Глобальное становление жизни шло по трем главным эволюционным направлениям [60]. Первое и, пожалуй, наименее важное — это случайные мутации генов, главная опора неодарвинистской теории. Генные мутации возникают вследствие случайных ошибок в саморепликации ДНК, когда нити ее двойной спирали разделяются и каждая из них служит шаблоном для построения новой комплементарной цепи. Такие ошибки, однако, вряд ли случаются достаточно часто, чтобы объяснить ими эволюционное возникновение огромного разнообразия живых форм — особенно с учетом того общеизвестного факта, что большинство мутаций пагубны для организма и лишь весьма малая их часть приводит к полезным изменениям [61]. В случае бактерий ситуация здесь несколько иная, поскольку они делятся так быстро, что в течение дня одна клетка способна породить миллиарды себе подобных. Из-за столь огромной скорости воспроизводства одна удачная мутация может распространиться довольно быстро. Поэтому в отношении бактерий пренебрегать этим направлением эволюции нельзя.

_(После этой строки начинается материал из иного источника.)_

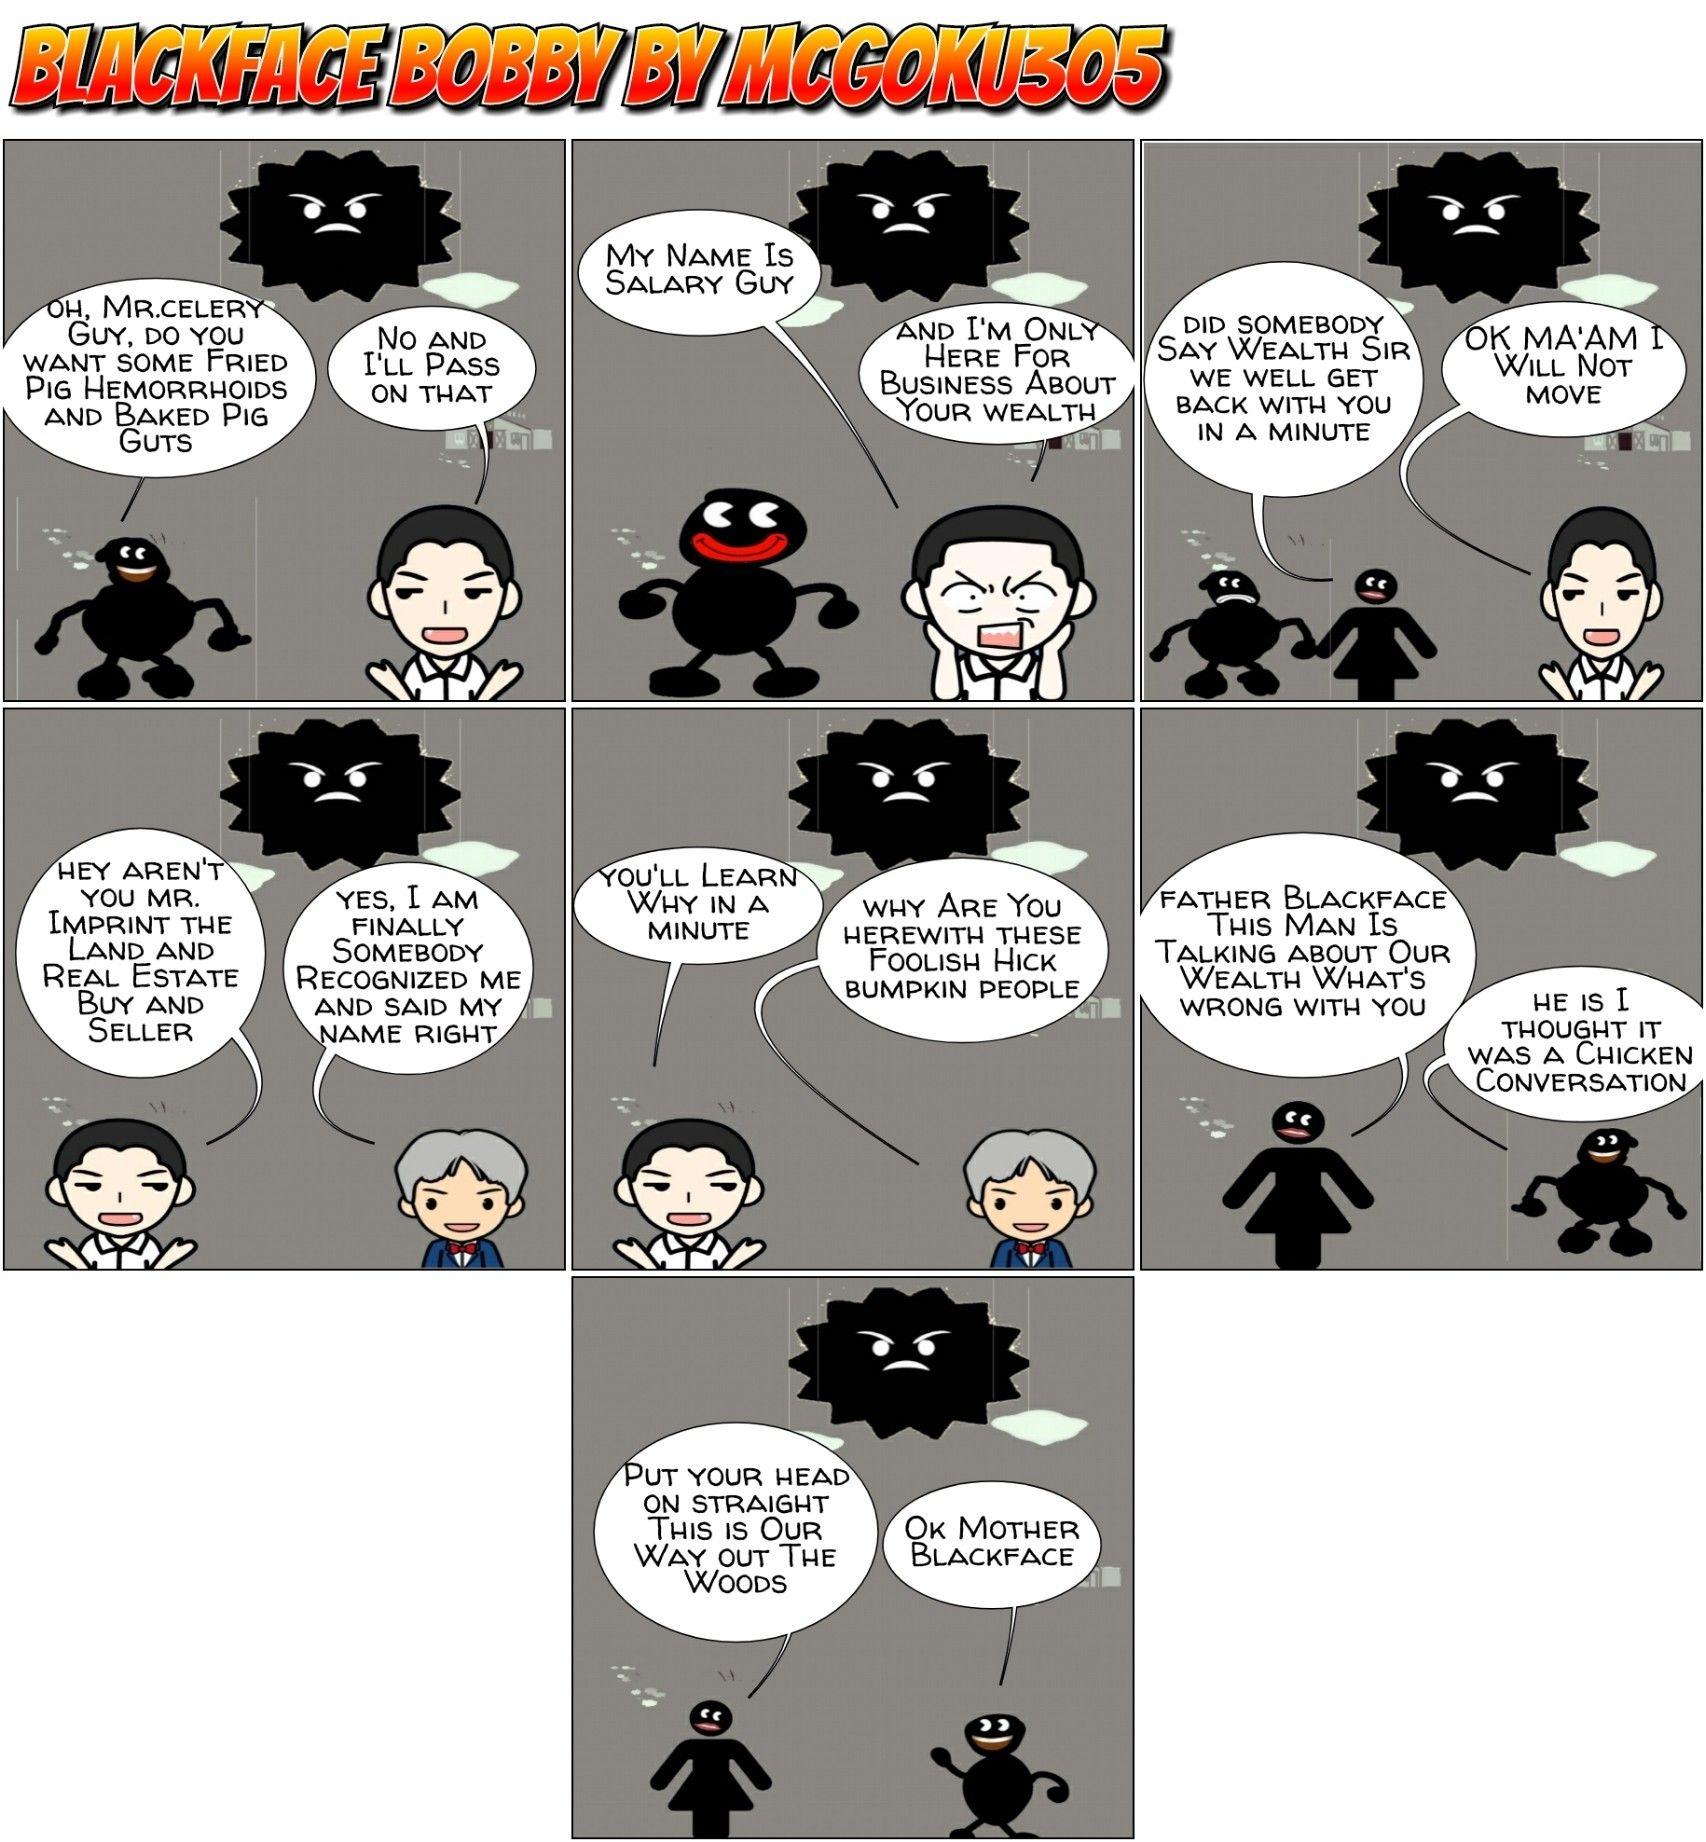 BLACKFACE BOBBY - THE BLACKFACE'S LEARN THEY ARE RICH #COMICS
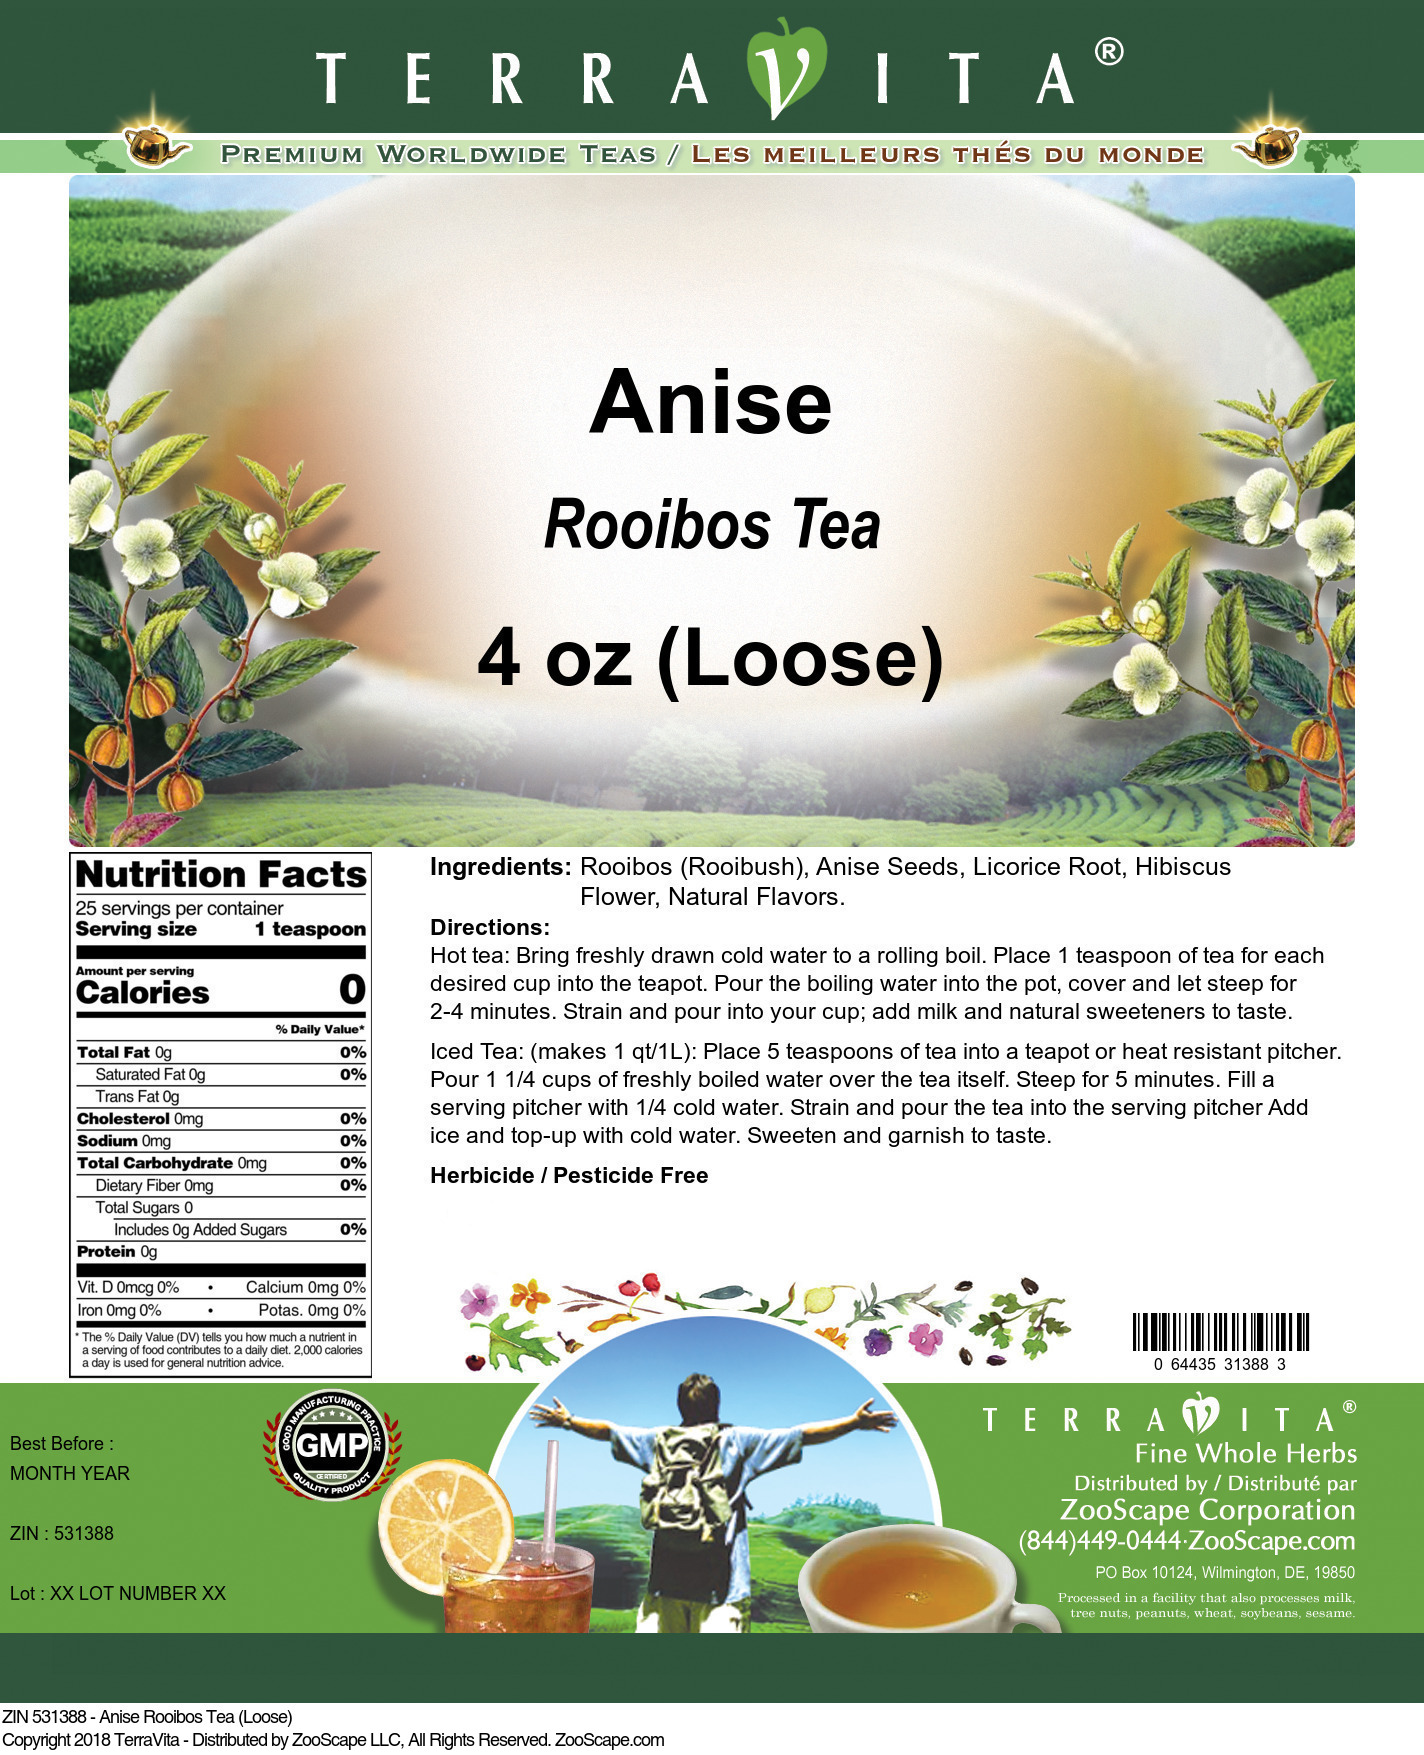 Anise Rooibos Tea (Loose)

Однако бактерии следовали и другому, гораздо более эффективному, эволюционному направлению, чем случайные мутации. Они обладают свойством чрезвычайно легко передавать друг другу наследственные признаки по глобальной обменной сети. Обнаружение такого широкомасштабного обмена генами, получившего название рекомбинации ДНК, следует считать одним из наиболее поразительных открытий современной биологии. Вот как образно описывает это явление Линн Маргулис: «Горизонтальная генная передача у бактерий — это как если бы вы прыгнули в бассейн с карими глазами, а вынырнули с голубыми» [62].